Copy the input to a new output file each time you see a header line. Something like this (not checked for errors):
partNum = 1
outHandle = None
for line in open("yourfile.csv","r").readlines():
if line.startswith('"NAME"'):
if outHandle is not None:
outHandle.close()
outHandle = open("part%d.csv" % (partNum,), "w")
partNum += 1
outHandle.write(line)
outHandle.close()
The above will break if the input does not begin with a header line or if the input is empty.
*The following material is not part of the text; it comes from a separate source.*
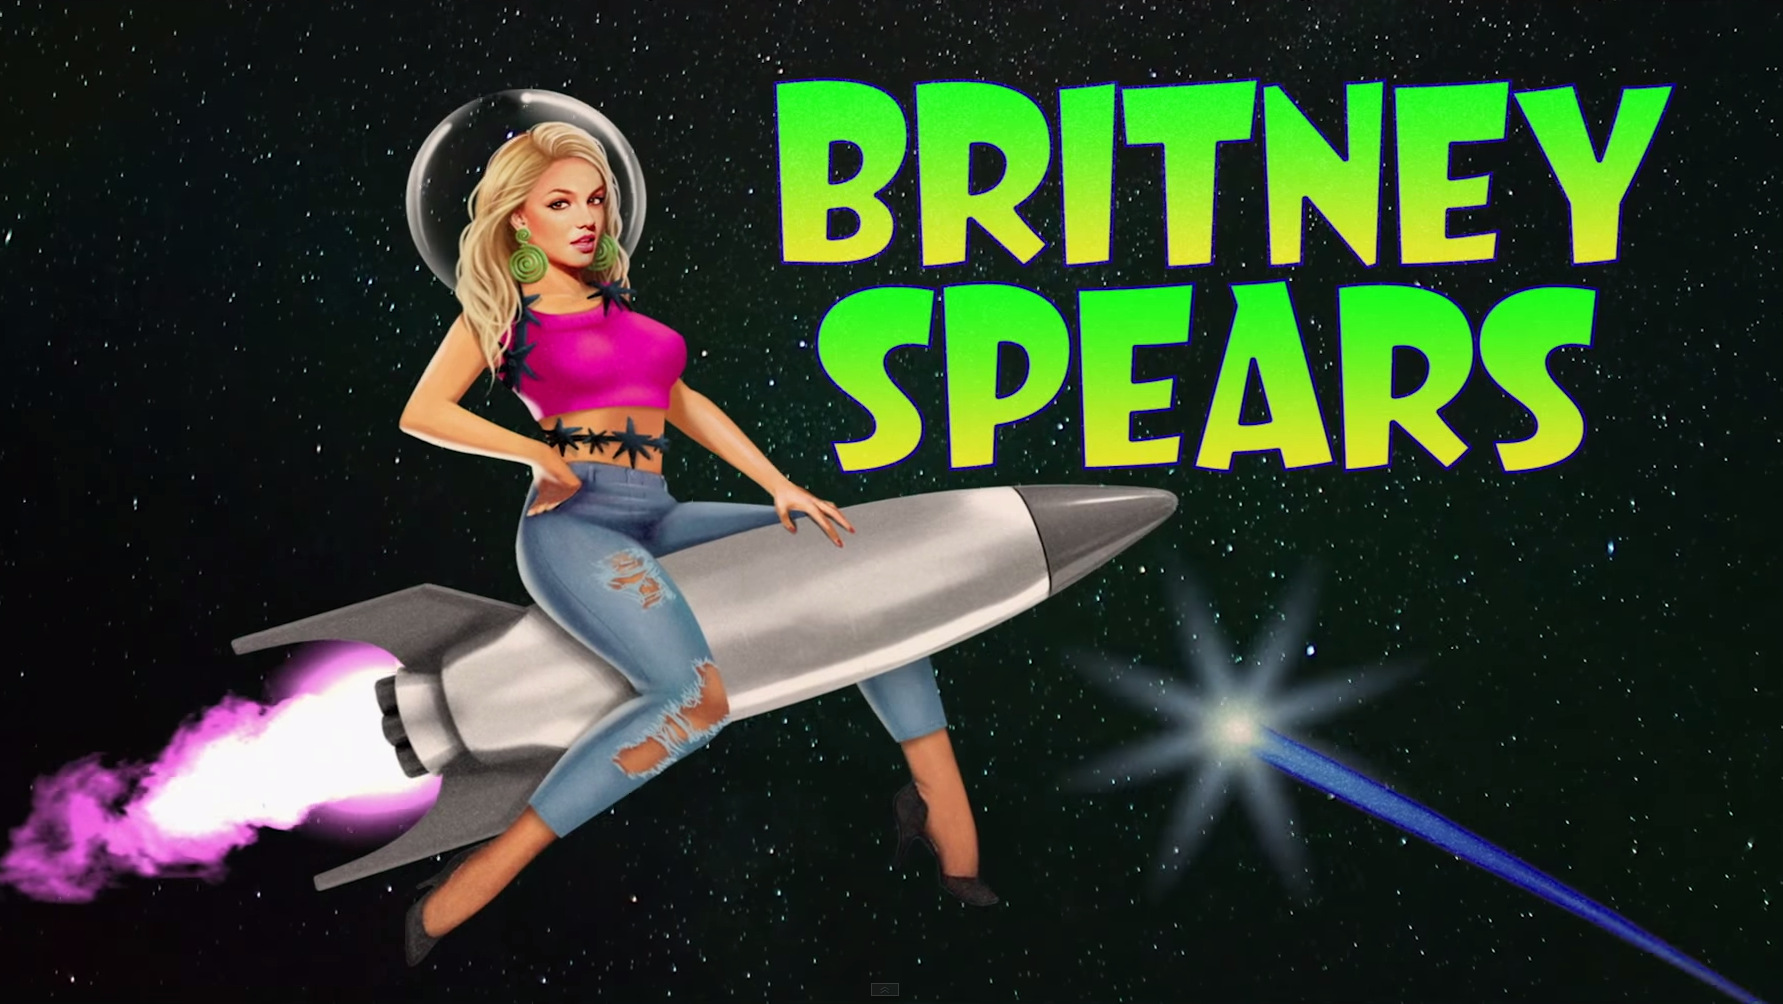 Britney Spears Iggy Azalea Samsung ad (1)

You can use the python csv package to read your source file and write multile csv files based on the rule that if element 0 in your row == "NAME", spawn off a new file. Something like this...
import csv
outfile_name = "out_%.csv"
out_num = 1
with open('nameslist.csv', 'rb') as csvfile:
csvreader = csv.reader(csvfile, delimiter=',')
csv_buffer = []
for row in csvreader:
if row[0] != "NAME":
csv_buffer.append(row)
else:
with open(outfile_name % out_num, 'wb') as csvout:
for b_row in csv_buffer:
csvout.writerow(b_row)
out_num += 1
csv_buffer = [row]
P.S. I haven't actually tested this but that's the general concept
Given the other answers, the only modification that I would suggest would be to open using csv.DictReader. pseudo code would be like this. Assuming that the first line in the file is the first header
Note that this assumes that there is no blank line or other indicator between the entries so that a 'NAME' header occurs right after data. If there were a blank line between appended files the you could use that as an indicator to use infile.fieldnames() on the next row. If you need to handle the inputs as a list, then the previous answers are better.
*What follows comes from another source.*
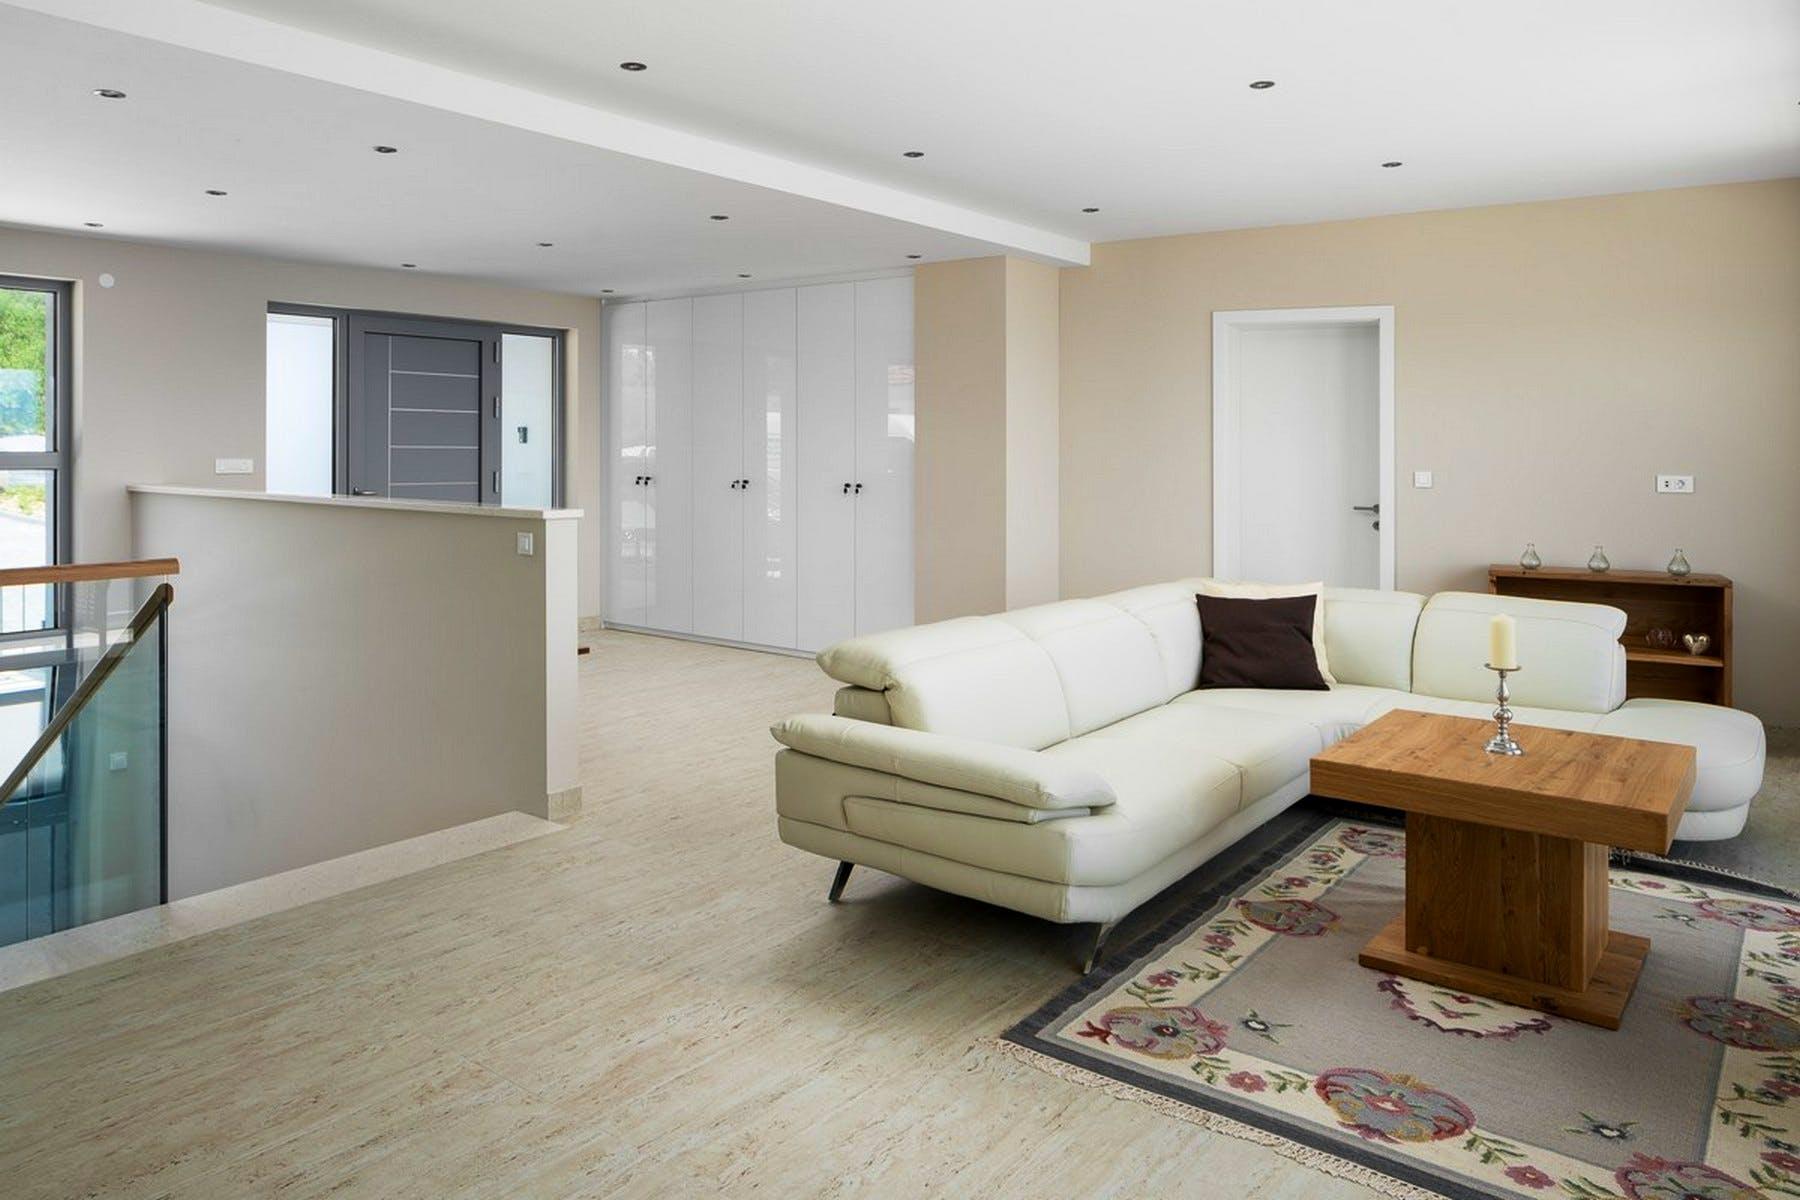 Modernly designed living room space

ifile = open(filename, 'rb')
infile = cvs.Dictreader(ifile)
infields = infile.fieldnames
filenum = 1
ofile = open('outfile'+str(filenum), 'wb')
outfields = infields # This allows you to change the header field
outfile = csv.DictWriter(ofile, fieldnames=outfields, extrasaction='ignore')
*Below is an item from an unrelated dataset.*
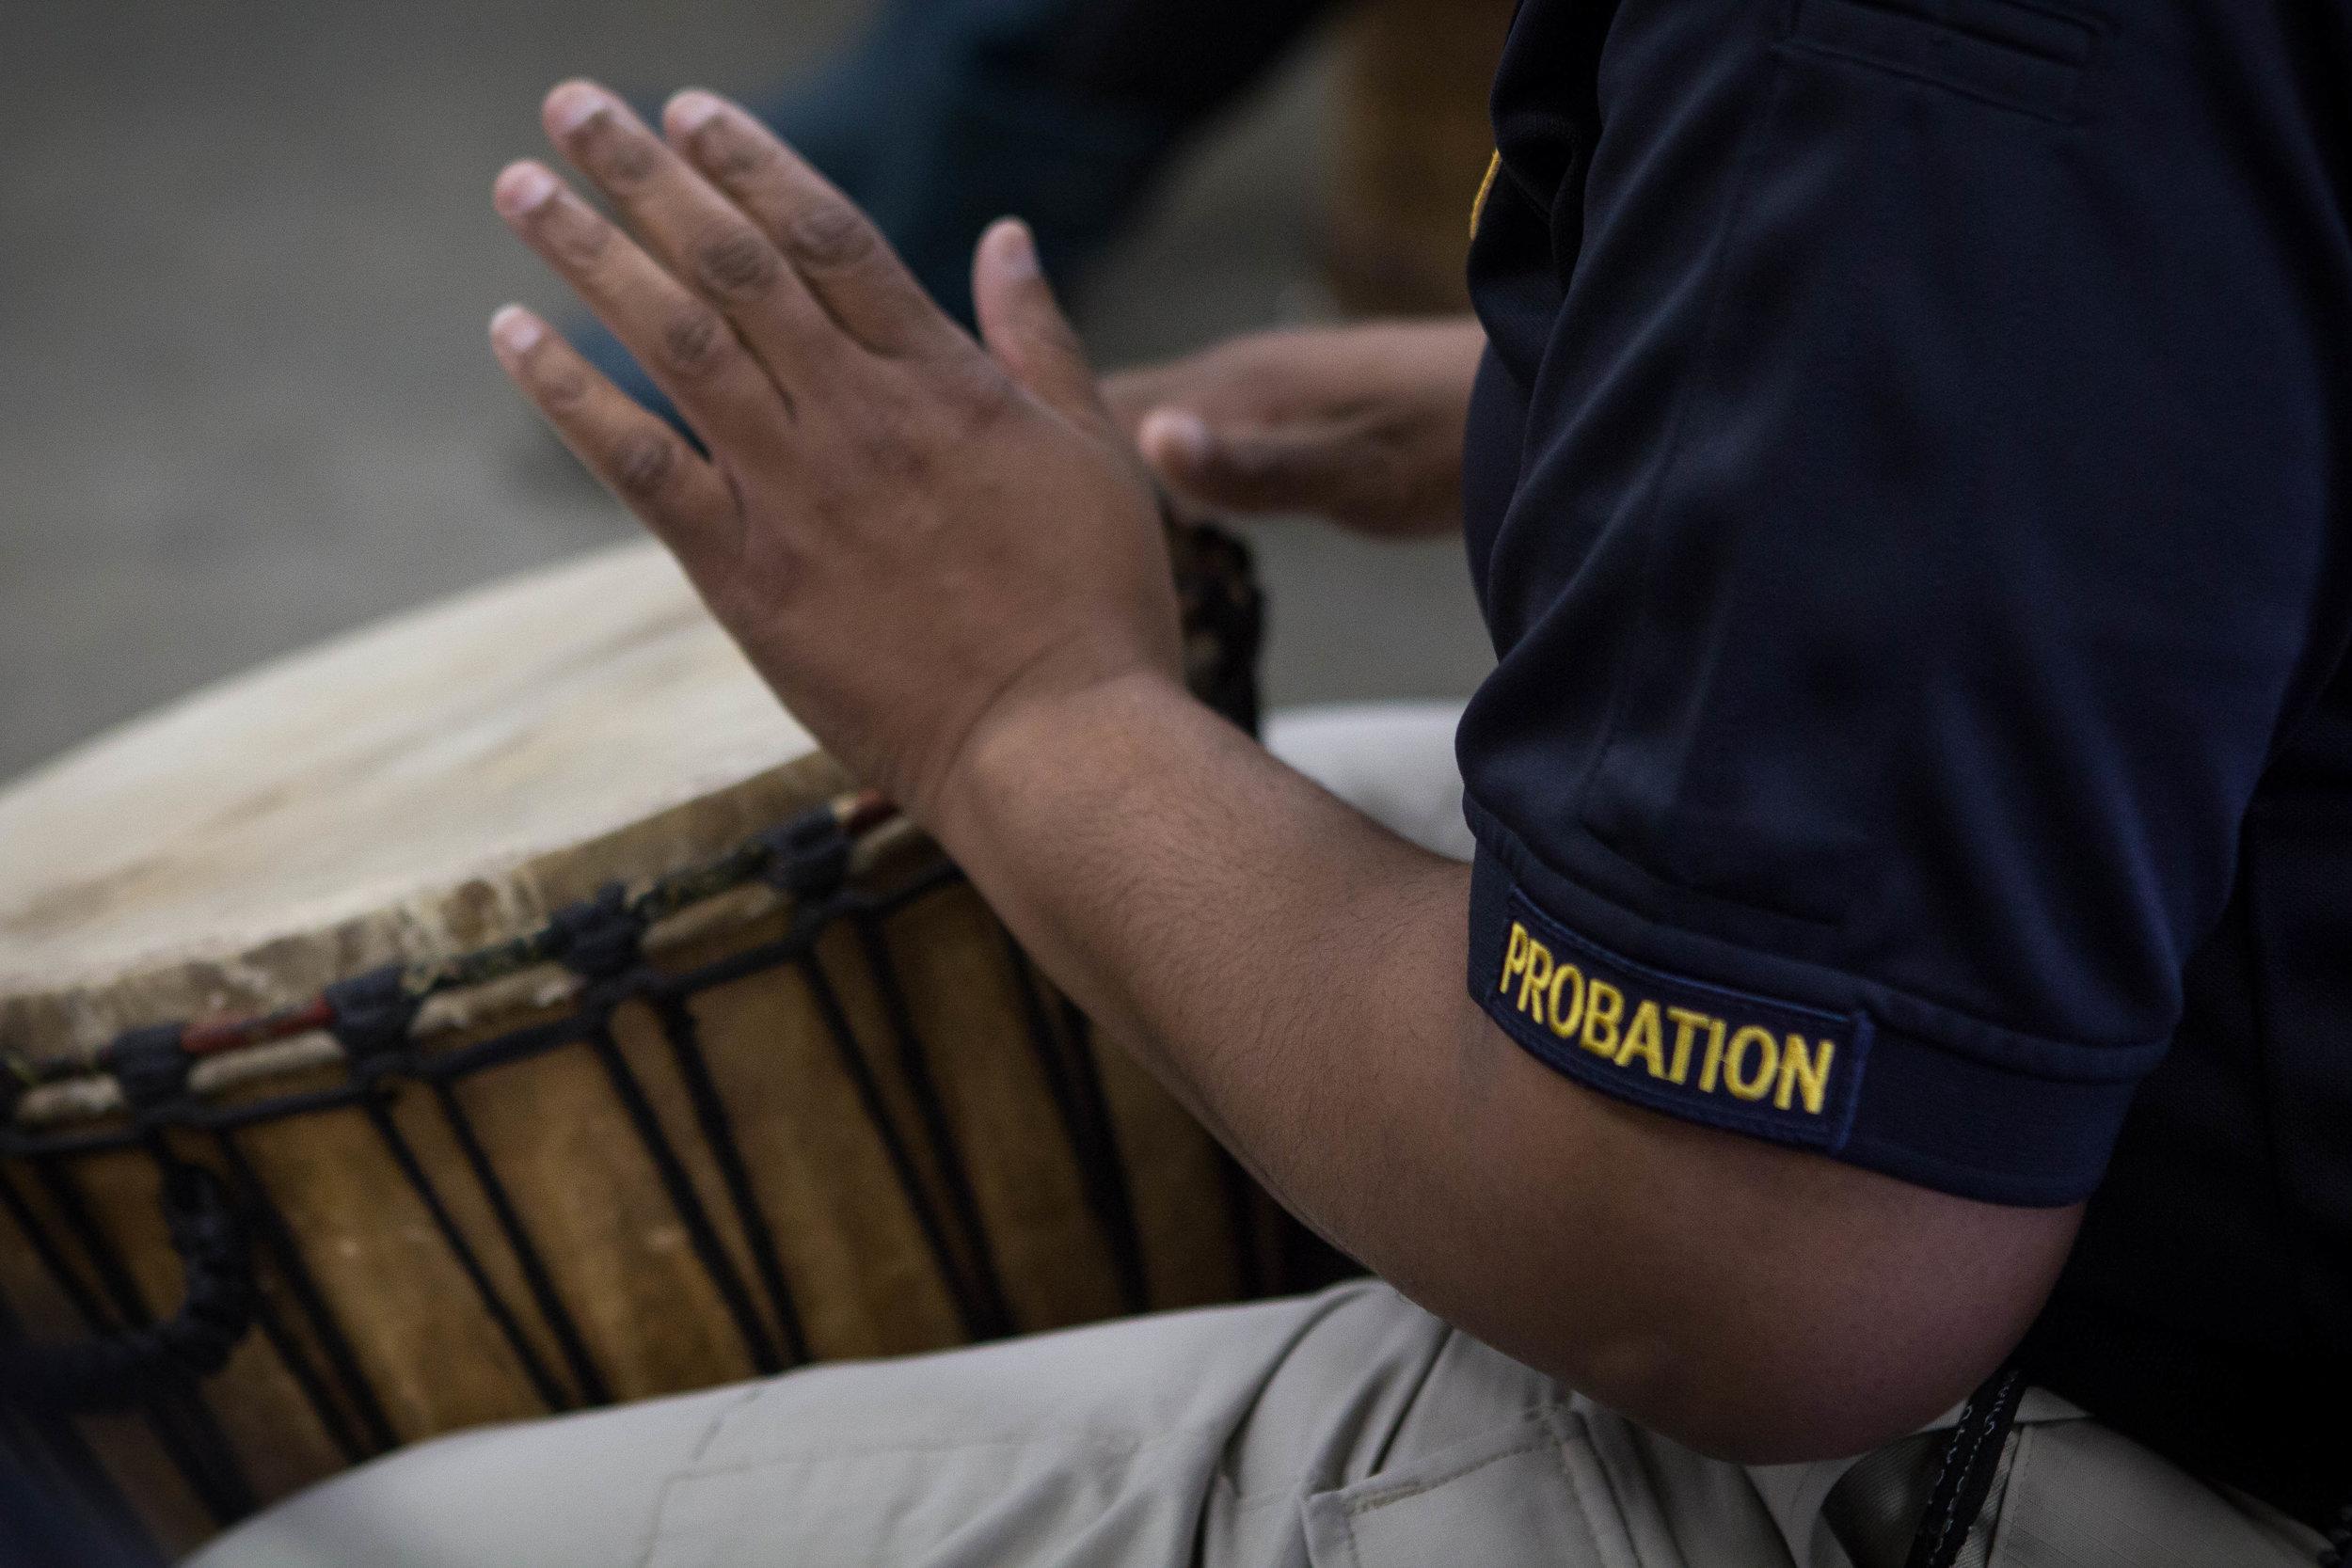 Probation arm.jpg

outfile.writerow(dict((fn, fn) for fn in outfields))
for row in infile:
if row['NAME'] != 'NAME':
#process this row here and do whatever is needed
else:
close(ofile)
# build infields again from this row
infields = [row["NAME"], ...] # This assumes you know the names & order
# Dict cannot be pulled as a list and keep the order that you want.
filenum += 1
ofile = open('outfile'+str(filenum), 'wb')
outfields = infields # This allows you to change the header field
outfile = csv.DictWriter(ofile, fieldnames=outfields, extrasaction='ignore')
outfile.writerow(dict((fn, fn) for fn in outfields))
# This is the end of the loop. All data has been read and processed
close(ofile)
close(ifile)
If the exact order of the new header does not matter except for the name in the first entry, then you can transfer the new list as follows:
infileds = [row['NAME']
for k in row.keys():
if k != 'NAME':
infields.append(row[k])
This will create the new header with NAME in entry 0 but the others will not be in any particular order.